Tuesday, July 31, 2012

真的一年了。

不大喜欢离开家前房间空空的感觉
这种感觉太寂寞
把所有喜欢的东西都挤进背包里
留下来的却是一种孤独
更害怕在机场的道别
然后一个人在飞机上掉泪
这种事情太不陌生

说不上何时会回来
此时,不好受。

Sunday, July 29, 2012

我爱美禄

难得大半夜停电,干脆坐在窗前享受黑夜与宁静
习惯收集入场券,音乐会门票,或是一切有纪念价值的有的没的
难得拿出来回味,看着都会开心地笑
戴起耳机,整个世界就属于我
那些渐渐忘掉的记忆和失去的信心回来了
还有朋友鼓励的卡片
叫我每天都要开心
对咯,过去的让它过去 
我很珍惜,简单却最有意义

原来我很幸福。
整个世界都安静了,哈,停电真好。

Thursday, July 26, 2012

everybody has a summer holiday

and here is mine :)
ate some books this summer
get a volunteer tag for georgetown festival
phhhailed to get an organiser tag again this year lol 
   
tune into youtube, plug in headset
and learn how to pick the strings

guitar sounds amazingly calming all the time
when you need it, it always does.


the half-way pageant thing LOL!!!
quit before the grand final after much consideration
did it like a boss HAH
a spontaneous jungle trekking
with hungry stomach growling all the way
grateful that we're blessed with wide peace scenery, after 1hour+ trekking
without choosing the boat, we chose our foot as way going back
it rained,
we're waiting helplessly in the mid of jungle.
proud that we're still able to laugh at our achievement, even though get all wet in the end

cari makan by bikes
long cycling way along penang coastal
bright sunny morning, busy streets, got honked by carss
thanks to our adventurousness, we get tanned and get wet
as it rained, again
well, soul fulled, stomach fulled
things to do: cycle around penang, ticked!
watching life in kopitiam
simple pleasure
grabbed some syphonised coffee
hidden gem on the isle with friendly owner 
meaningful evening spent very relaxedly, listened to stories
I'm charged and ready to go again, as an explorer

new semester awaiting,
I will be walking down a different way, taking different routes than most
that I understand it won't ever be easy
still, keen to find out what awaits and where will it leads me to
a new phase with real world real competition

well,
resilience without regret.

老了会骄傲的事.

So, I always have so much fun reviewing all the following photos
 the experiences and reminiscenes cross my mind all the time
The extraordinary activities,
something that remind me to keep going and take charge in everypart of life

lets start with the very first one
parajump in sentosa, five storeys in height
pioneer that kicks off the followings
GMax in clarke quay, singaville
reverse bungy
reaches 60m in the air, speed up to 200km/h 
well, we're just keep laughing up there in the air
also, not forgetting to check in at sky lol

drained jetski in penang (LOL!)
I'm not a water baby, can't swim
so just floated, wanted to cry and waiting for the rescue
one day co-pilot in KL
dream of handling an airplane, fulfilled!

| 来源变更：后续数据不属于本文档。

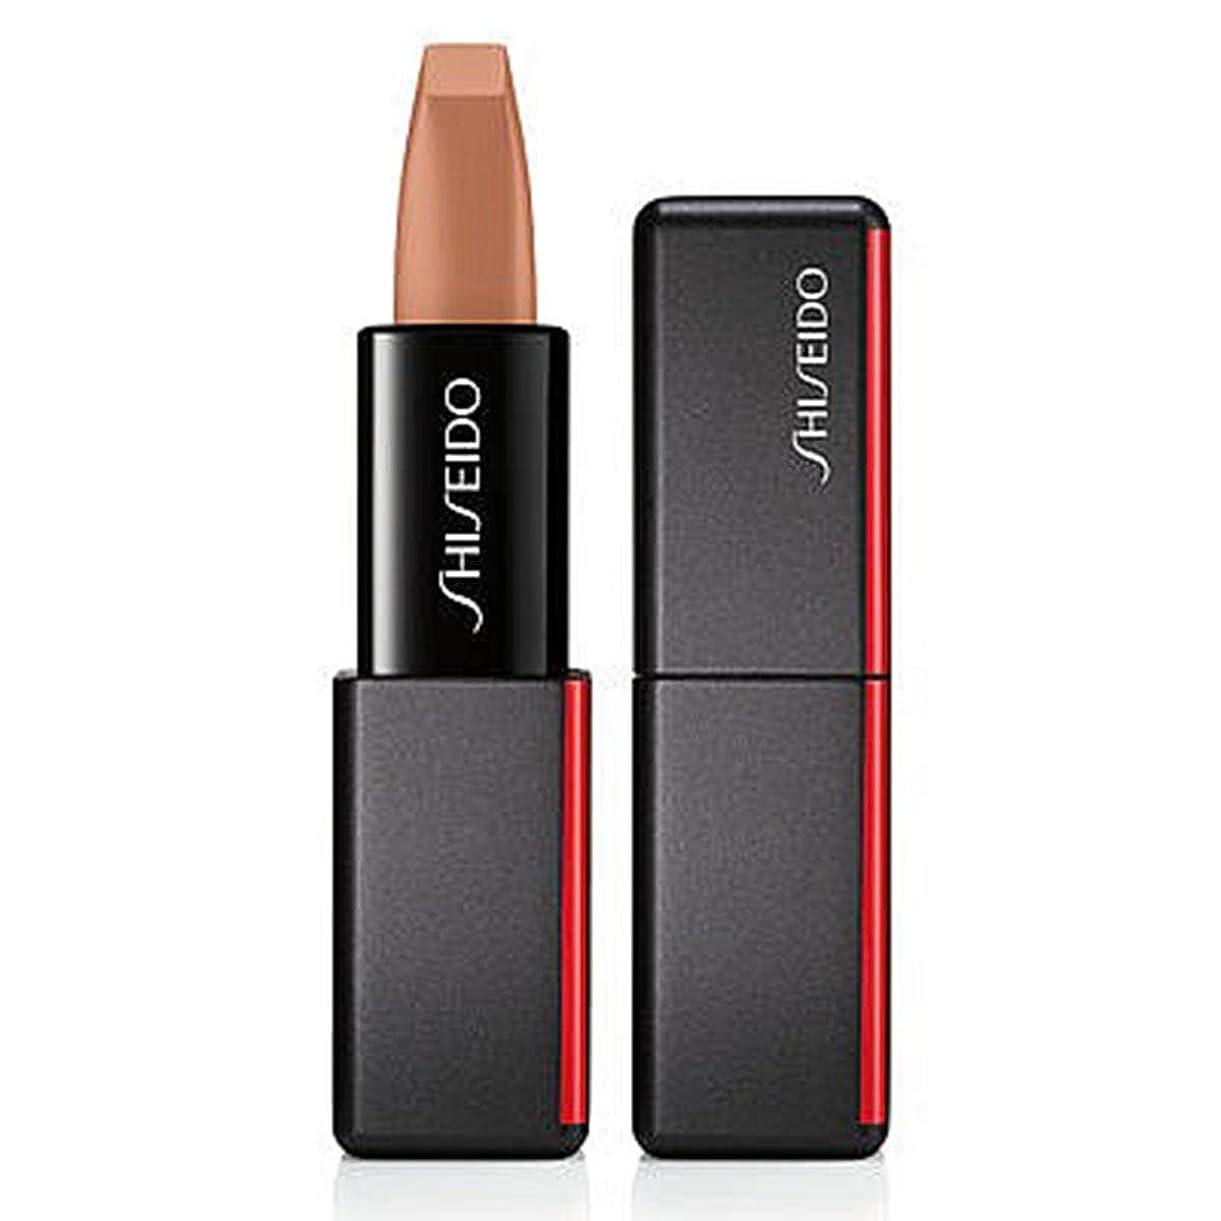 資生堂 ModernMatte Powder Lipstick - # 503 Nude Streak (Caramel) 4g/0.14oz並行輸入品

controlled this Cessna150 up to 1000 feet in the air
an simple manual aircraft
I was excited but also scared, seriously 
can't find the airport to land in the air really makes my nerves stood


skywalk at Macau tower
walking on top of a tower of 233 metres high while doing stunt lol
the world's highest bungee jumping happens at the same place
and and I can see China and the whole Macau up there :)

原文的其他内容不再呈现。